When the people of the United States became aware enough of the situation, we went to the aid of the Afghan people. After a while even many Soviet soldiers did not want to fight this battle and defected by the hundreds. The Soviet Union gave up this battle but did the Afghan people really win?


Weakened by the war, depopulated of innocent unarmed citizens, industrially and agriculturally decimated, this nation became ripe for wealthy, power hungry terrorist despots looking for a country to take over. Afghanistan became a perfect situation for what is occurring today. It became an ideal opportunity for criminal individuals and terrorist organizations from other countries to establish their bases there while the remains of the population busied themselves with reconstruction and daily survival.


Today the children are still being sent away. Only now it is to schools in Pakistan to learn Taliban philosophy. Women and children are still being murdered and maimed at will, often as shields for military operations. Male citizens are being forcibly conscripted into armies, and all people who do not subscribe to Taliban rules are either killed, or chased from their homes and country.

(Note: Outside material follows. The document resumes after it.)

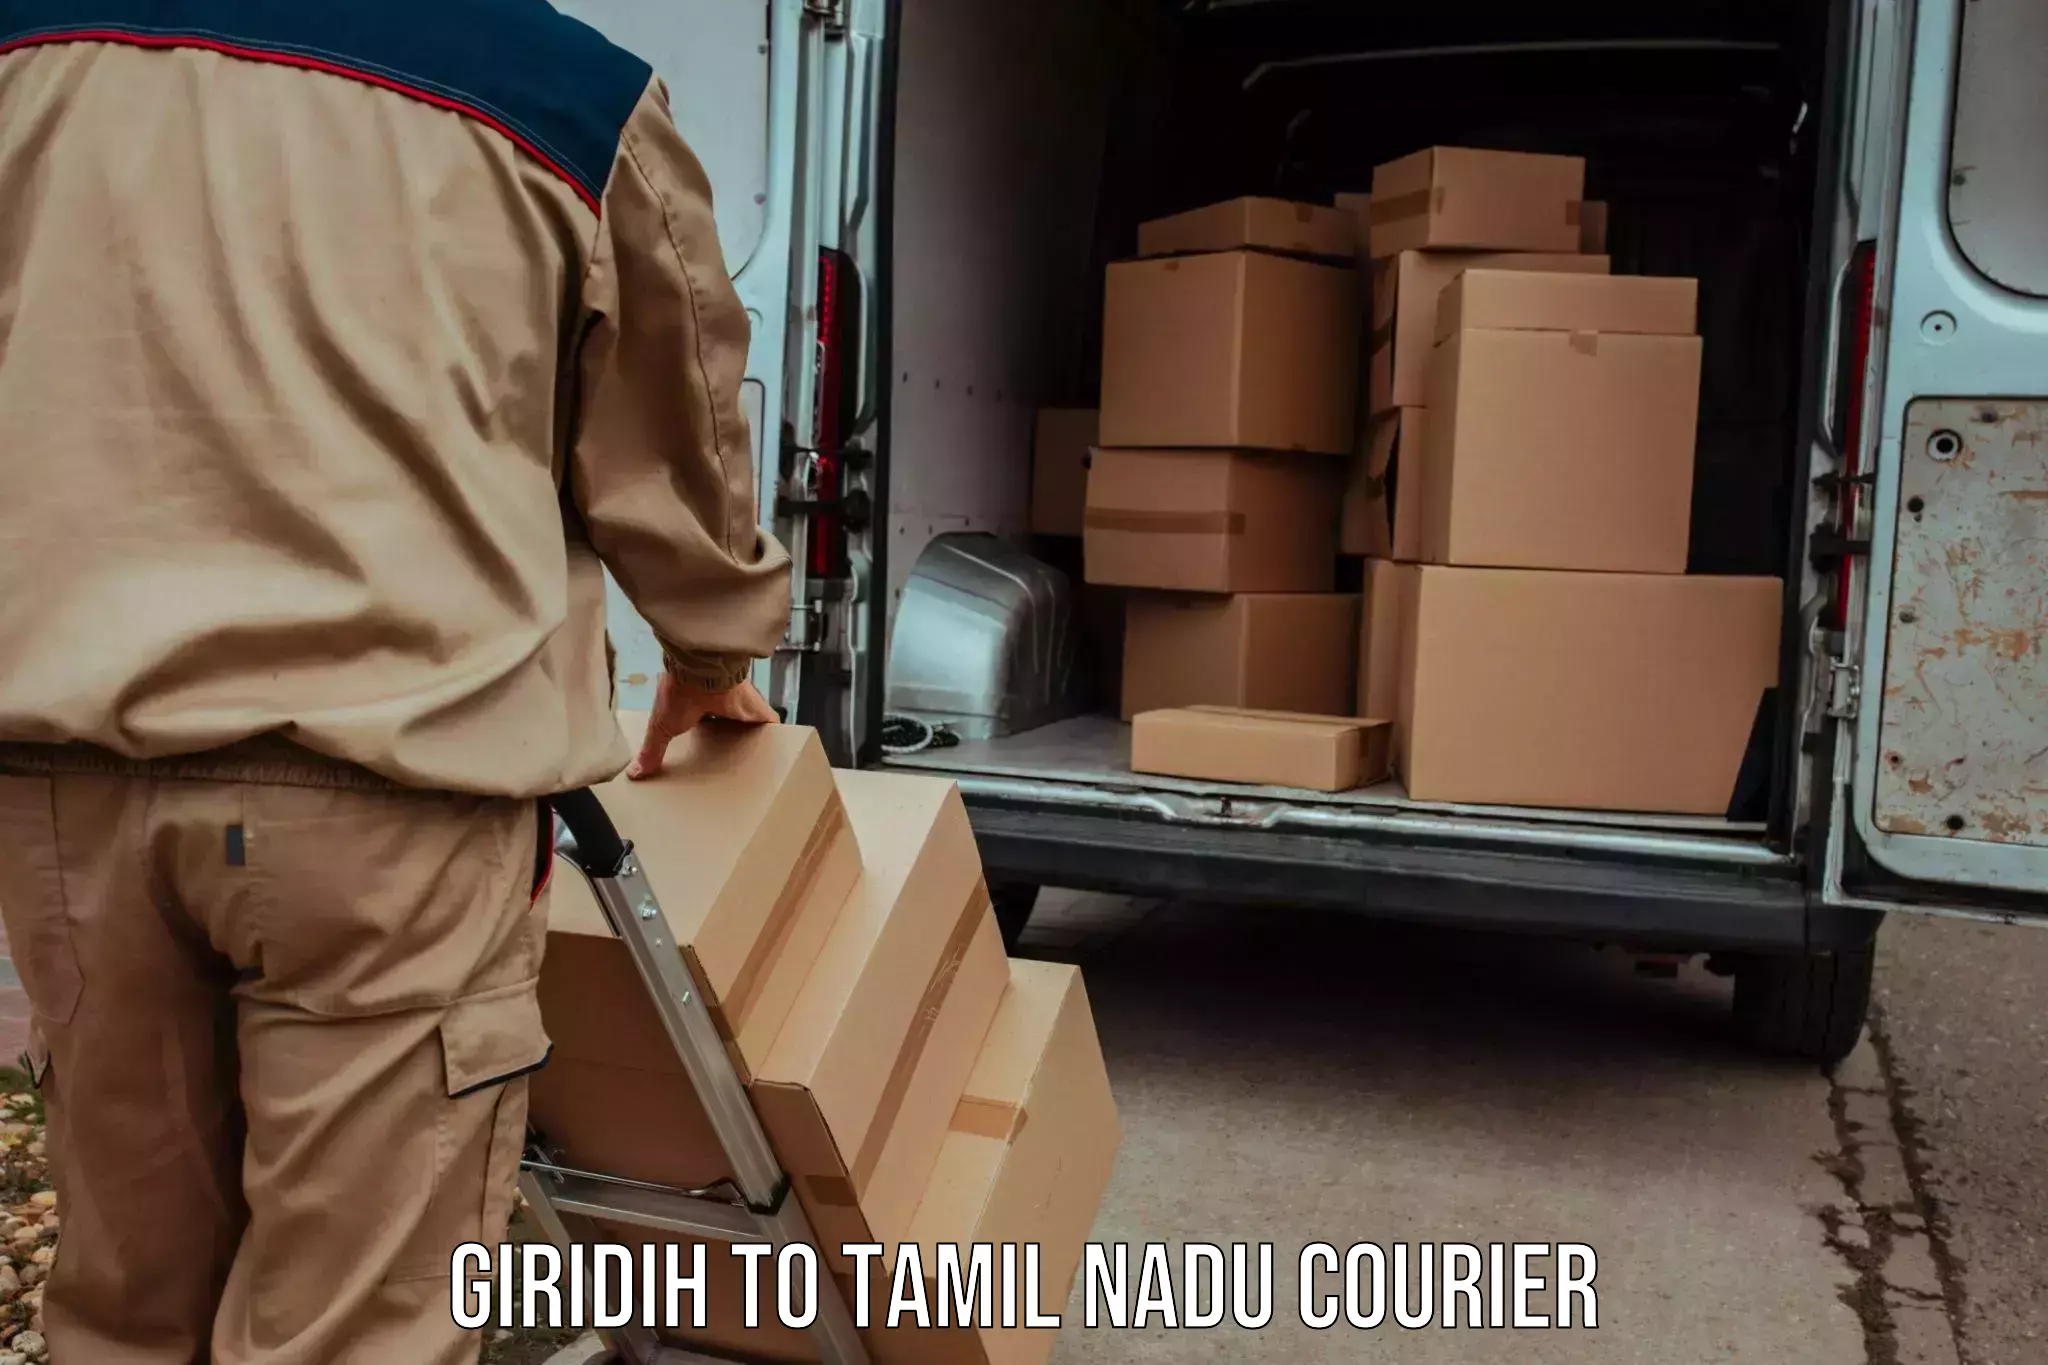 Speedy delivery service Giridih to Tamil Nadu

The Afghan people are inherently a noble people who, for centuries, lived independently and proud. Attacking no one they have contributed many fine people, products, culture, and art to the world. These people deserve to be free again, but it is doubtful that it could be possible without help.

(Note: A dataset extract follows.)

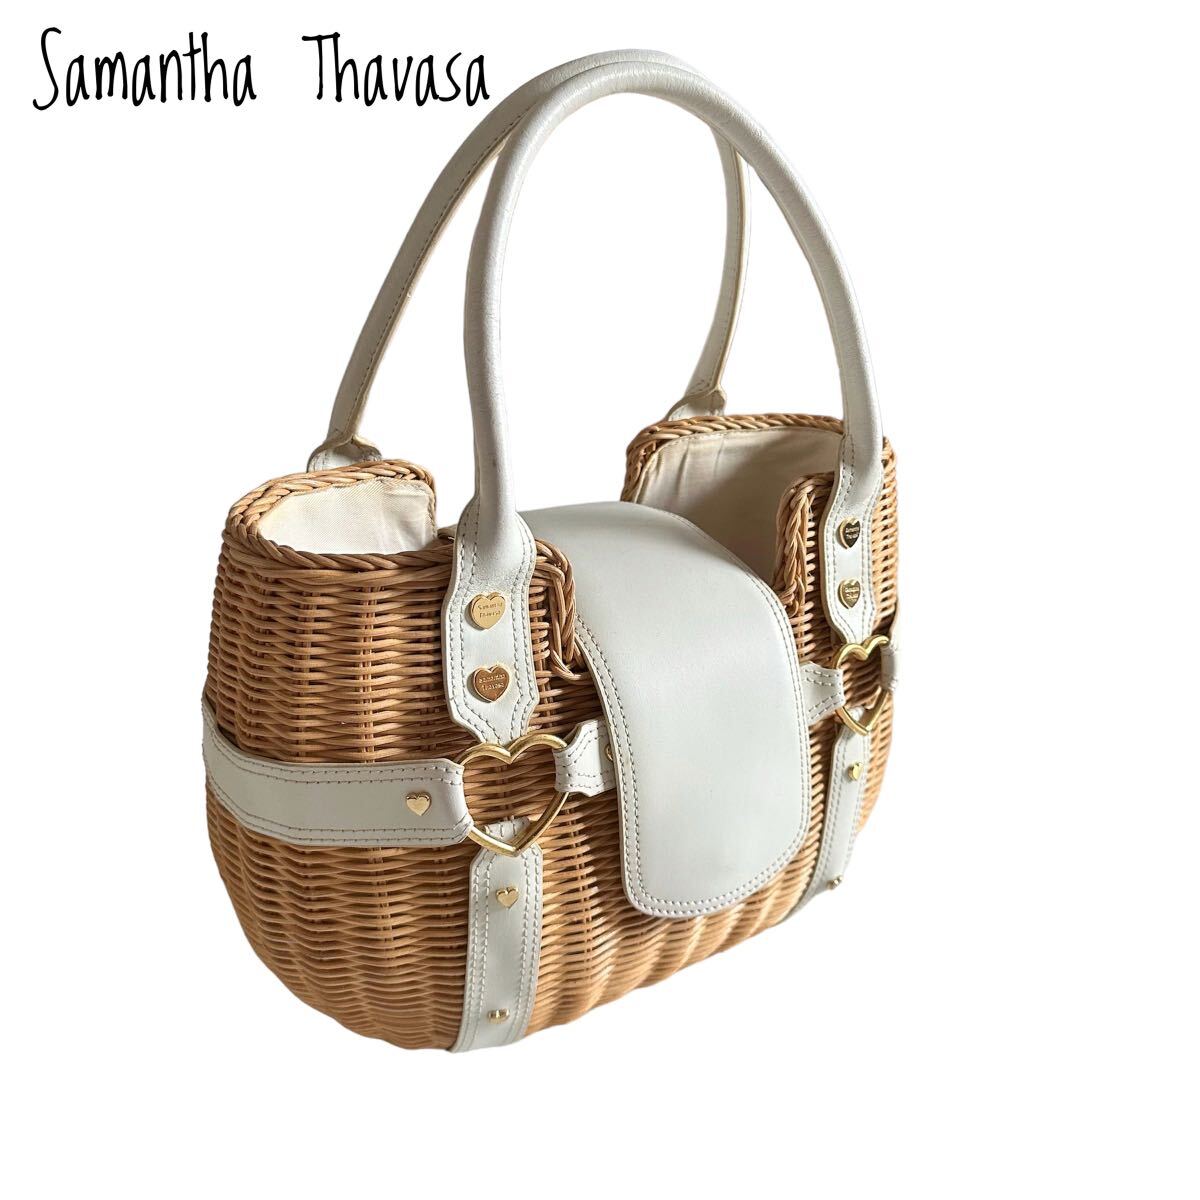 Samantha Thavasa Samantha Thavasa basket bag handbag

Although fragmented for hundreds of years by a dozen different religious tribes with radical differences, Afghanistan is a country that has never been defeated by any army. These people have always united to battle and defeat a common enemy. Unfortunately today the enemy is within and not easily defined. Today’s enemy rabble must be routed out of the country and an effort of education and communication must take place to prevent it from happening again. Tribal leaders must unite with a common passion for peace and freedom, and the country must be rebuilt. With help from the rest of the world this is possible. Only with compassion for these people who have suffered enough, is this possible.